Otis Leavill - Love Uprising
  • 6 years ago
"Love Uprising" was a song that soul fans everywhere adored, by the late great Otis Leavill. The song nearly repeated the success of "I Love You" charting at No. 19 on the R&B chart and at No. 72 on the Pop Chart. Friendly, talented Otis Leavill Cobb was born February 8, 1943, in Dewey Rose, GA. The Cobb family moved to Chicago two years later. Leavill's childhood chum, Major Lance lived in the Cabrini Green Projects near Curtis Mayfield and Jerry Butler. They formed the Floats with two females: Barbara Tyson, and another that no one remembers.
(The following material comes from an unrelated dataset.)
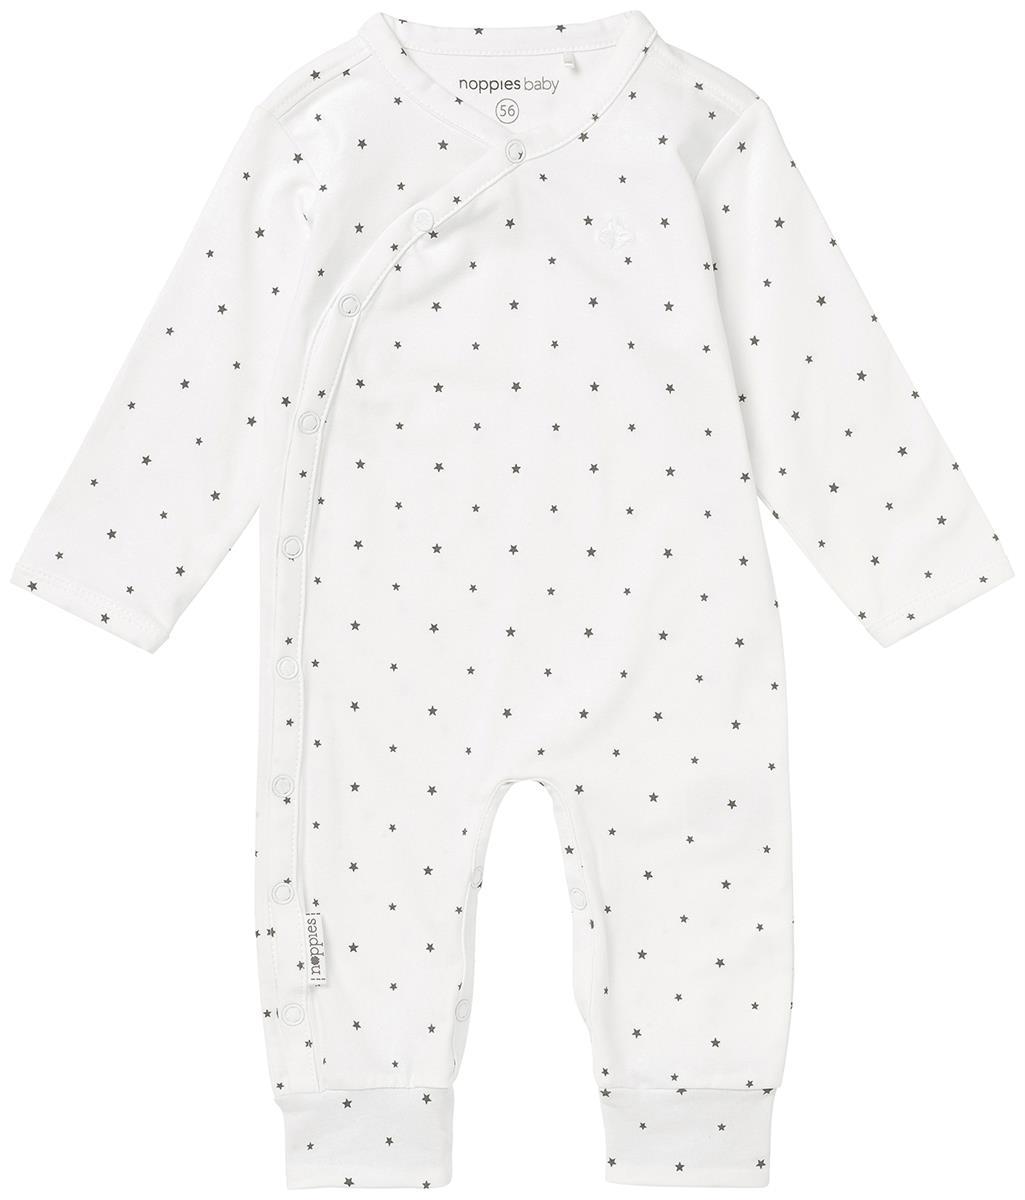 Sleepsuit - White With Star Print Sleepsuit / Babygrow Noppies 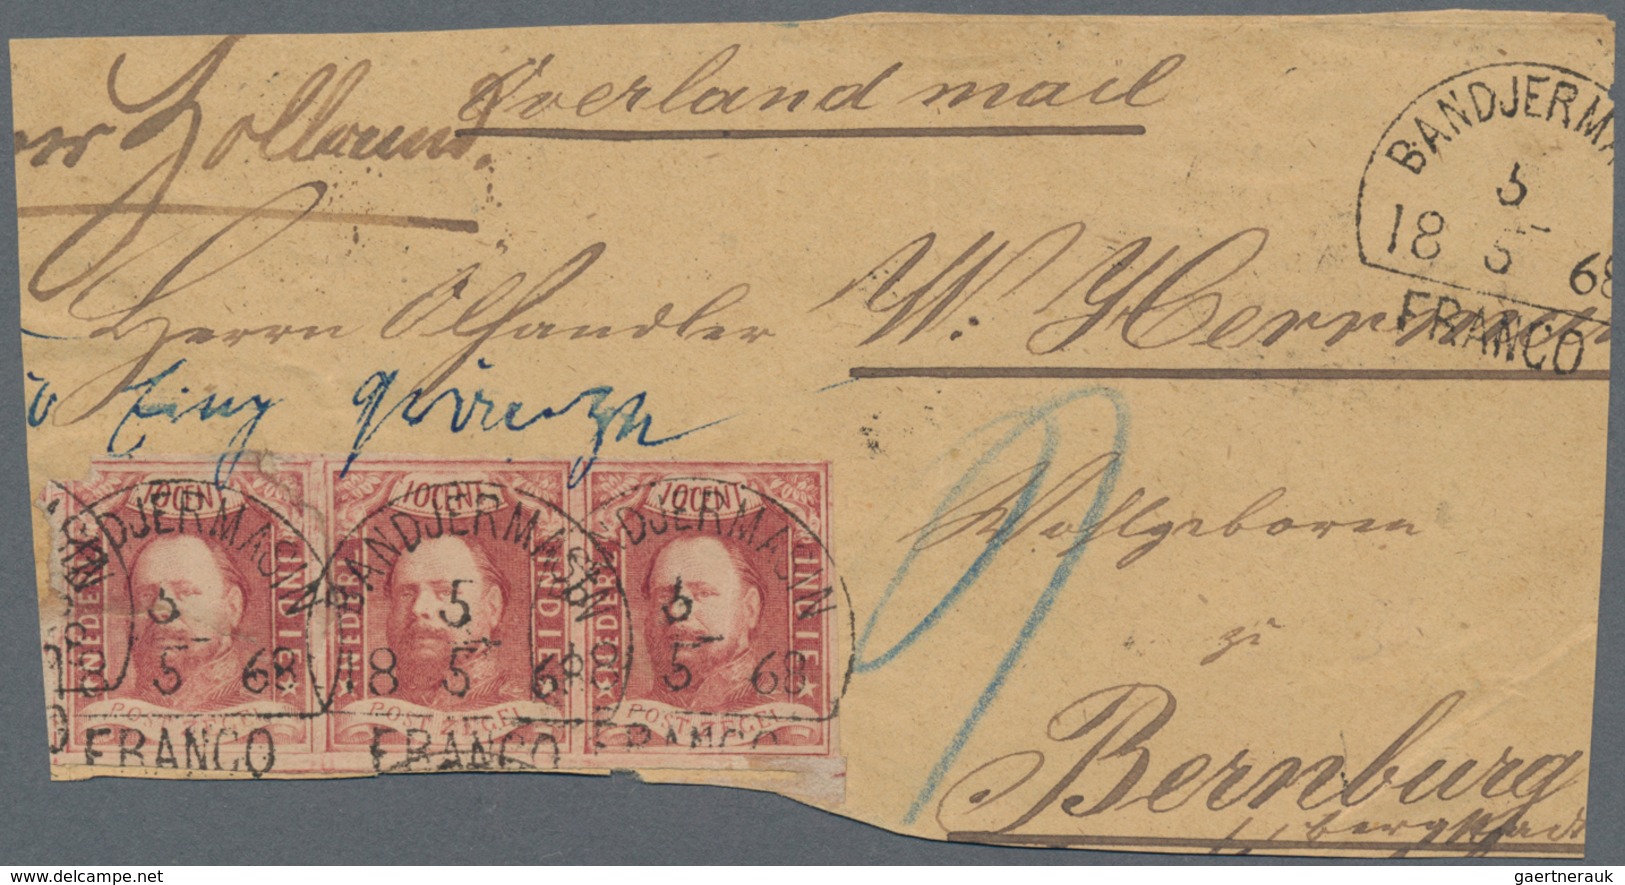 Niederländisch-Indien: 1864 Kind Wilhelm III. 10c. Lake Horizontal Strip Of Three, Used On Large Par - Netherlands Indies

After eight months the Floats ended, they never released a record but recorded a demo that's floating around Chi-town. Otis's first record "Ride Sally Ride," dropped on Mercury's Limelight subsidiary, though he says he waxed it for St. Lawrence Records who evidently leased the master. His next release "Gotta Right To Cry" a Mayfield song came out on Lucky Records. Blue Rock Records was Leavill's next stop. There he cut some memorable sides, including Billy Butlers' "To Be Or Not To Be", and "Let Me Live." When Carl Davis formed the Dakar label, he appointed Otis as Vice President and gave him shares in the company. Leavill also recorded for Dakar where he enjoyed his biggest hit: Eugene Record's "I Love You" a song that sounded like Otis imitating Record the Chi-lites' lead singer; it climbed to number 10 R&B but never threatened the Pop Top 40, stalling at number 64. Another single "There's Nothing Better Than Loving You" scraped into the lower rungs of the R&B chart. After Dakar's demise Carl Davis went to Brunswick Records, Leavill followed and had a few releases including "Can't Stop Loving You" which sells for $40 bucks to collectors, but never had the success he had at Dakar. His releases after that were sporadic. "Right Back In Love" came out on Columbia Records, but after a few more droppings, Leavill's recording career ended. Never one to sit back and wait, Leavill also owned the '76 Car Wash and Gas Station at Washington and Pulaski and moonlighted as a policeman in a west Chicago suburb. He formed OK Records in 2000 after a long hiatus from the record business. Sadly, Otis Leavill passed July 17, 2002 of a heart attack, he was 65.